» Task requirements
The whole listing, exactly as given: write it out, leaving out each image.

» Provided material
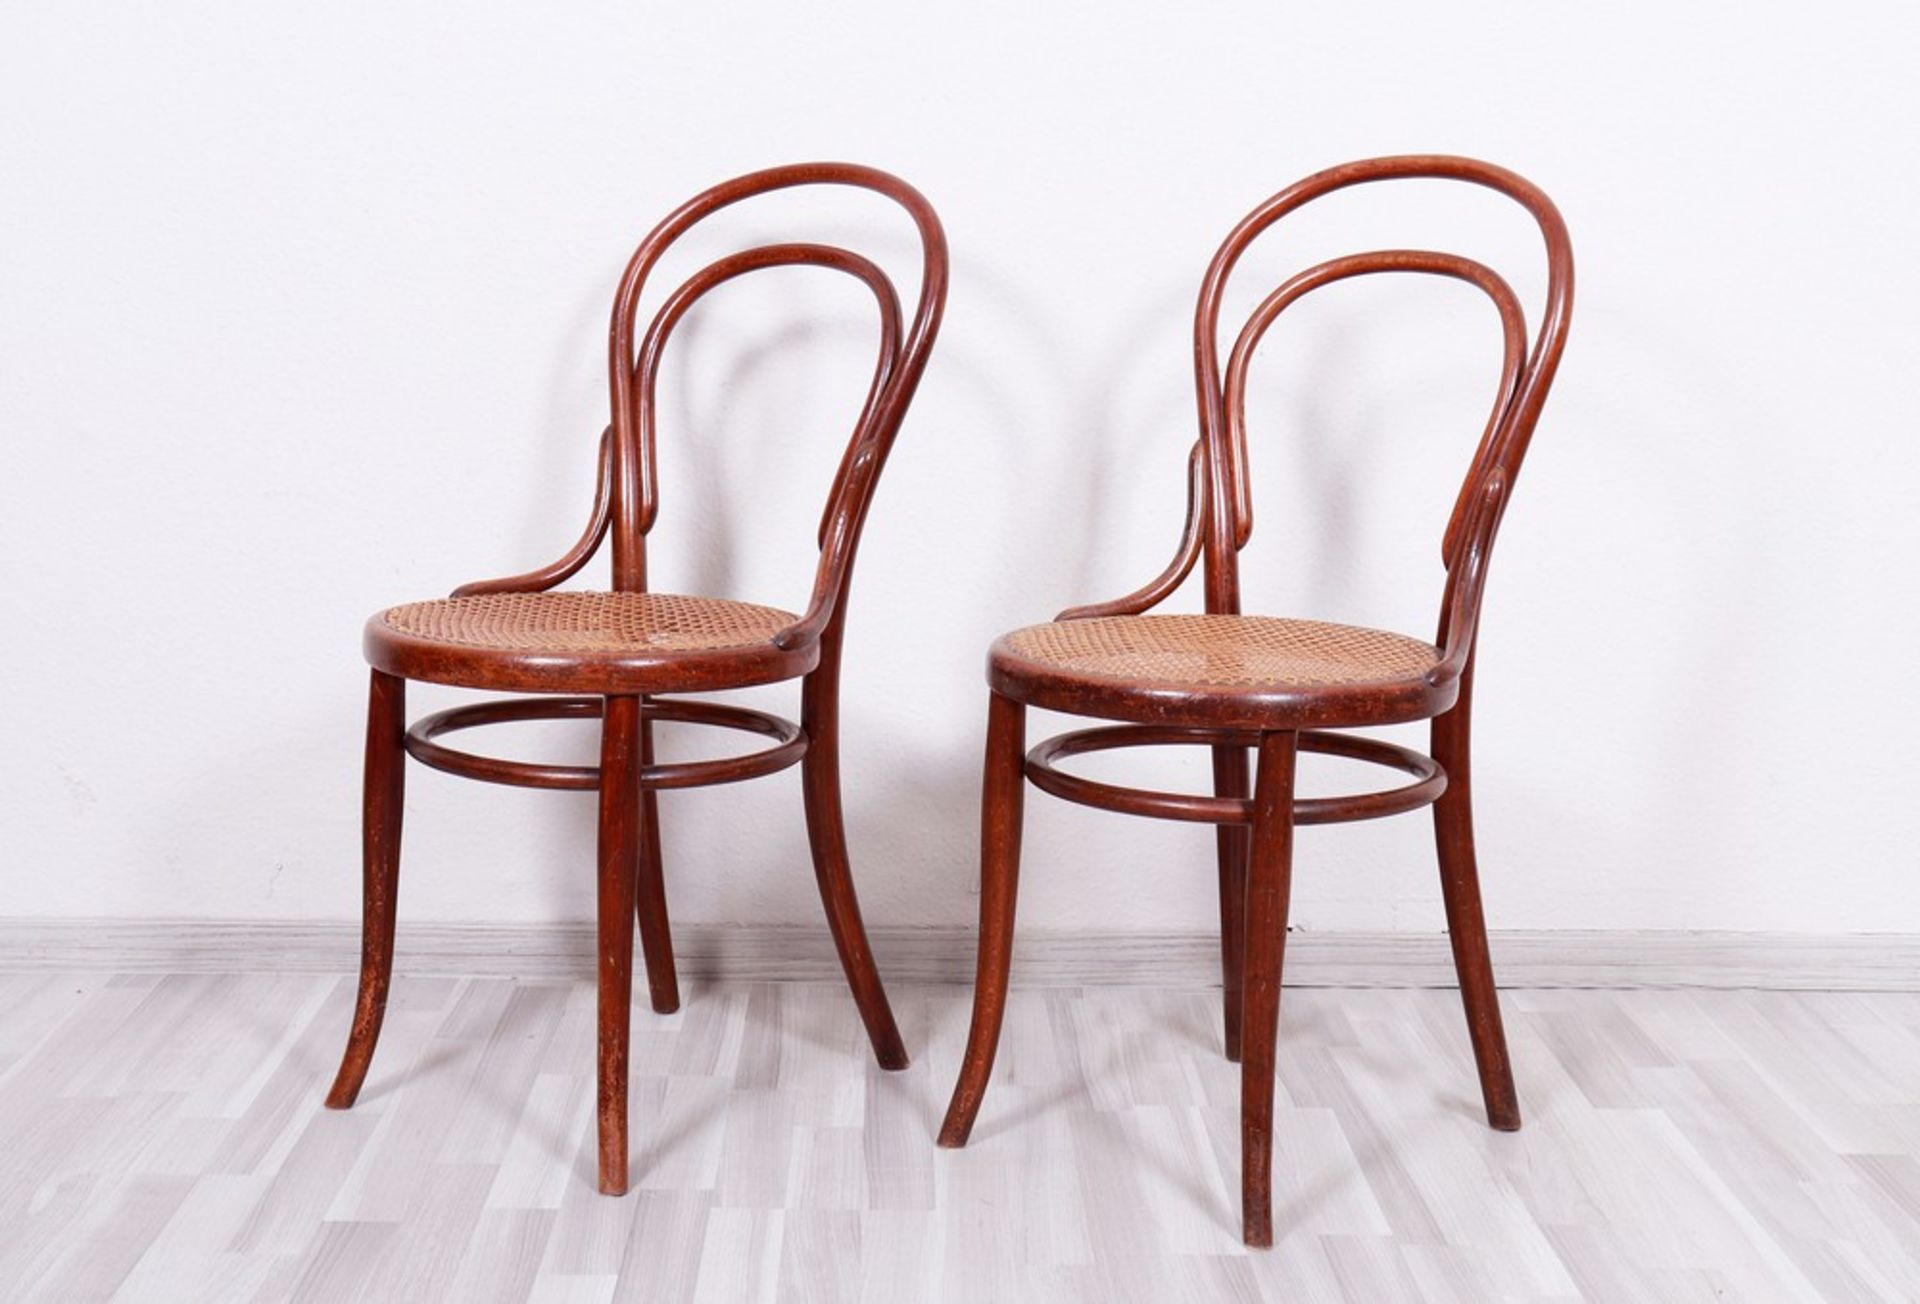 Paar Stühle, Thonet, Wien, um 1900 - Bild 2 aus 5
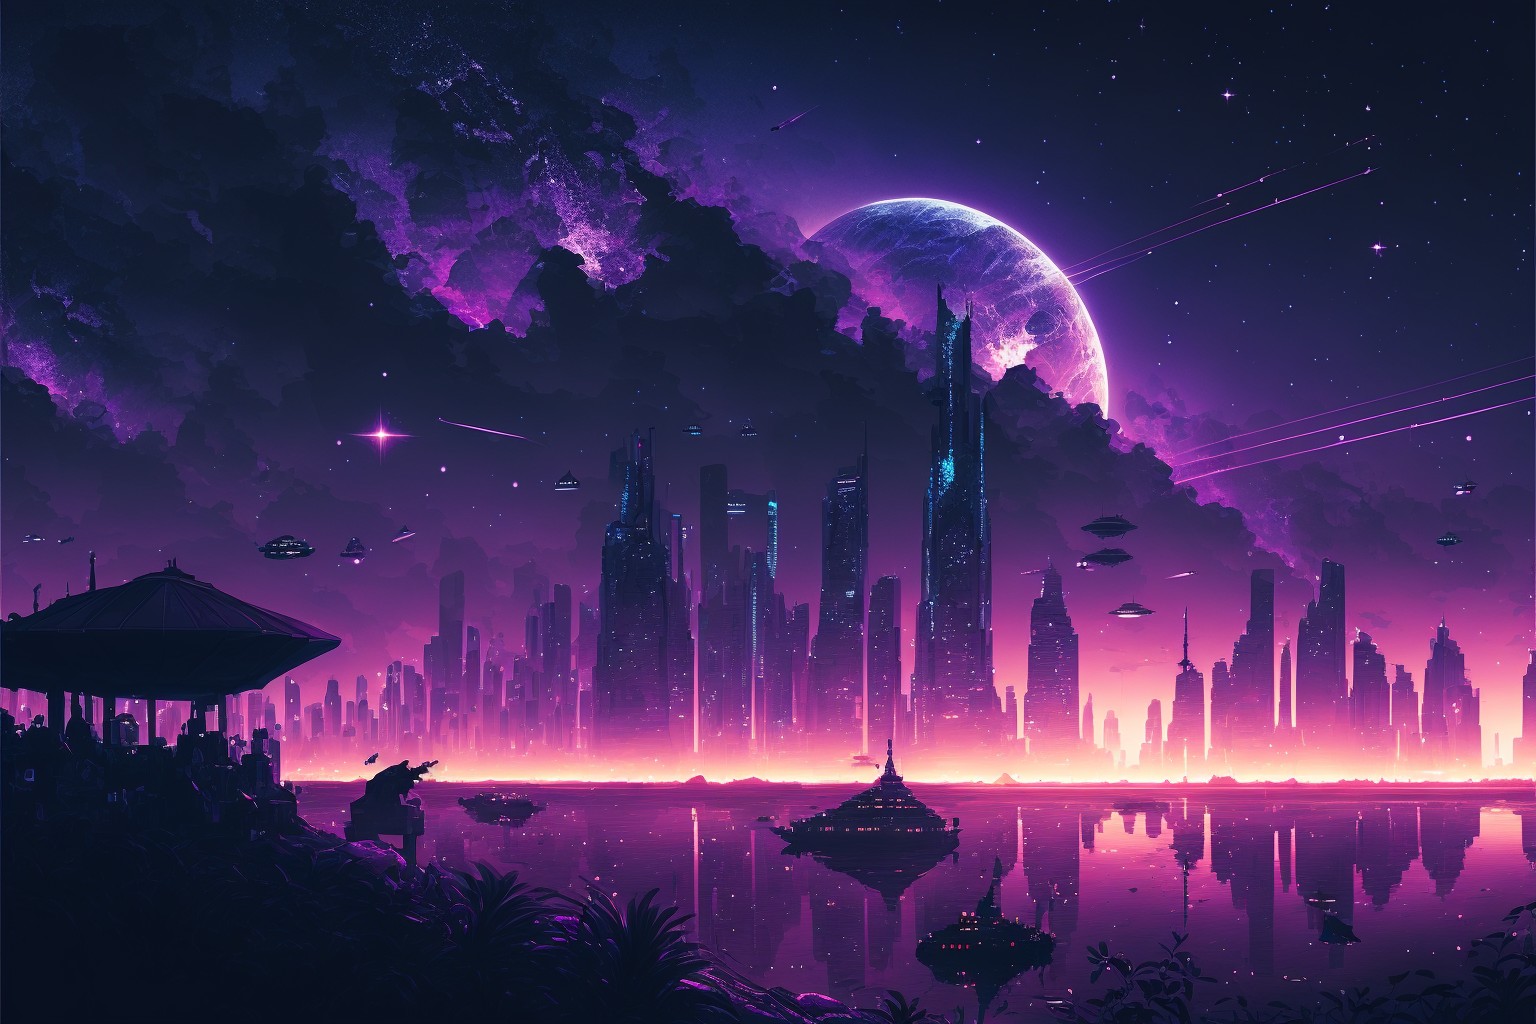 City skyline night view under purple sky atmosphere
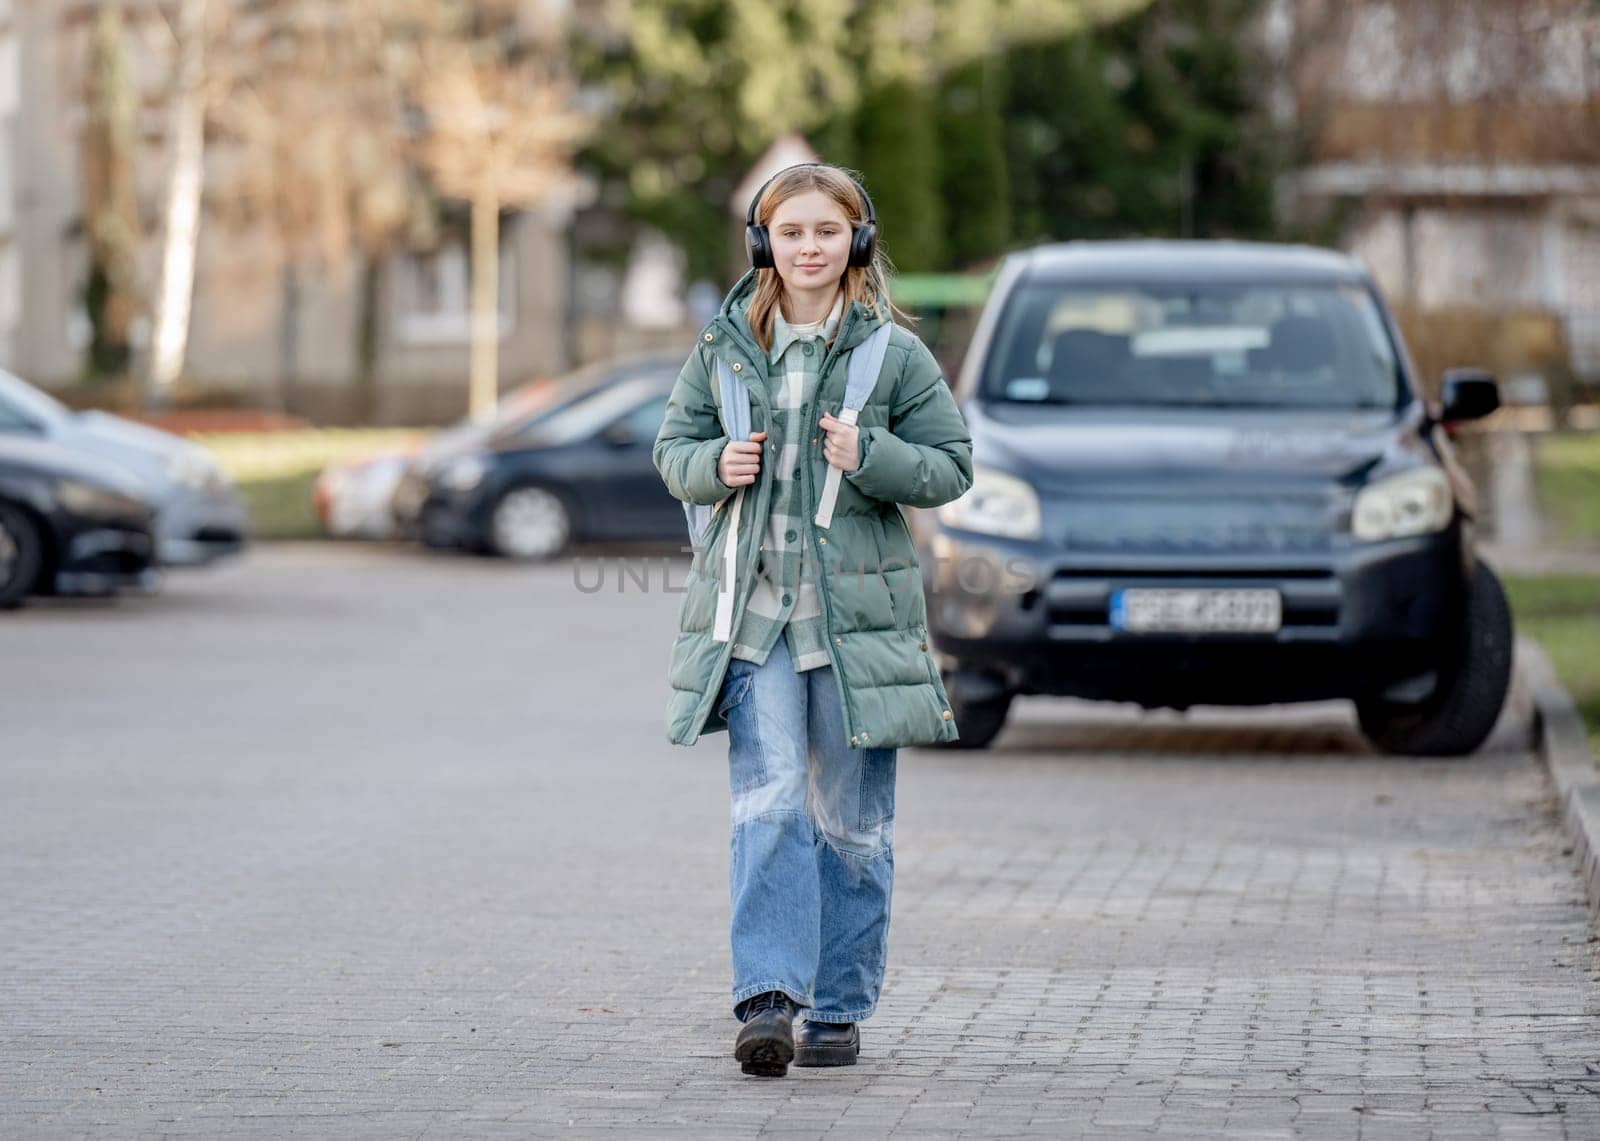 Cute Girl Walks Down Street In Spring, Listening To Music In Headphones by tan4ikk1
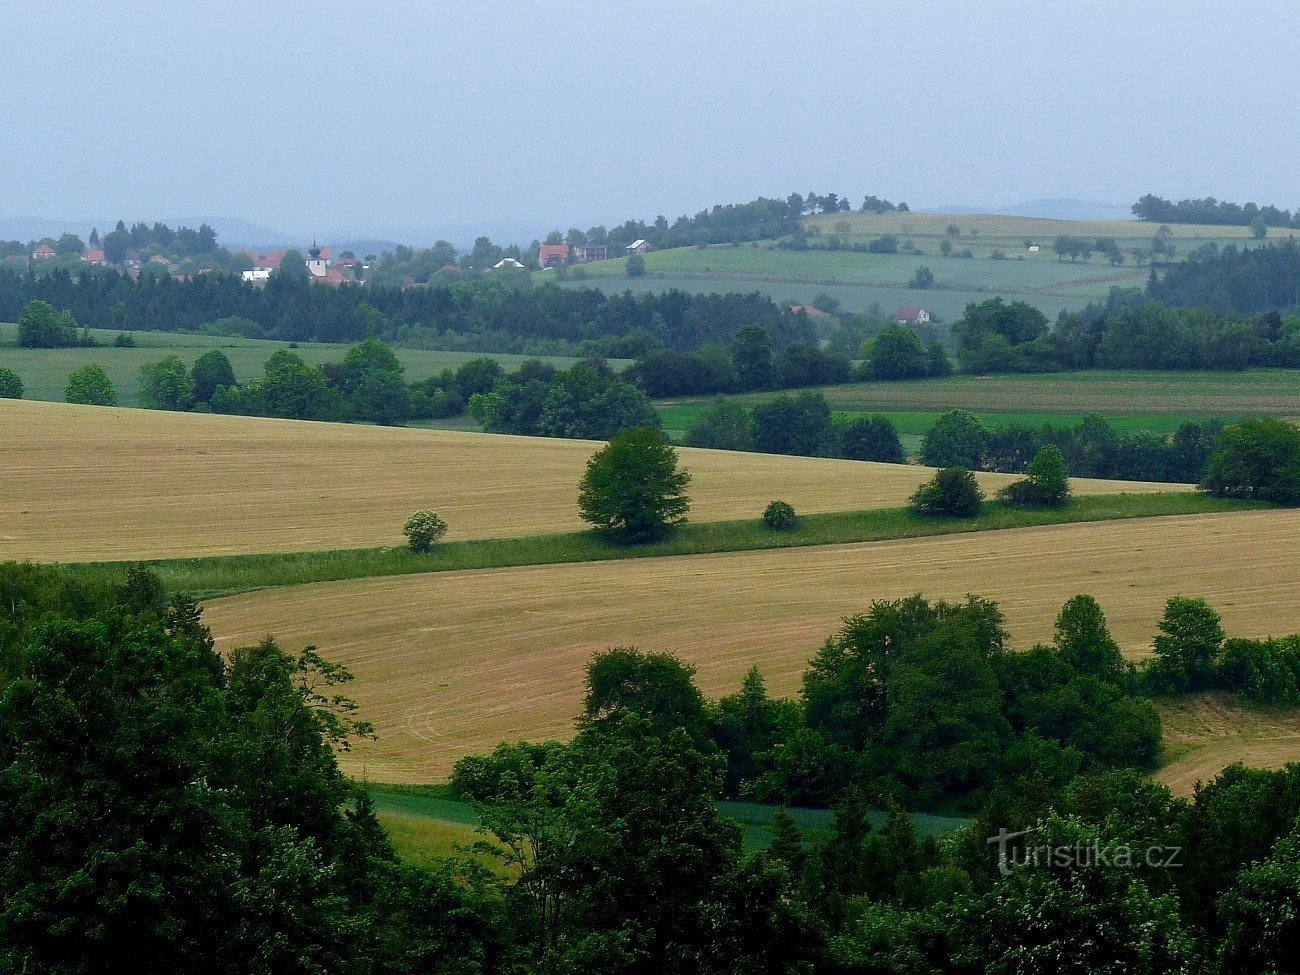 Omgivningarna i Rozseč - utsikt över Sulíkov

» Answer space
 Paar Stühle, Thonet, Wien, um 1900 - Bild 2 aus 5
 City skyline night view under purple sky atmosphere
 Cute Girl Walks Down Street In Spring, Listening To Music In Headphones by tan4ikk1
 Omgivningarna i Rozseč - utsikt över Sulíkov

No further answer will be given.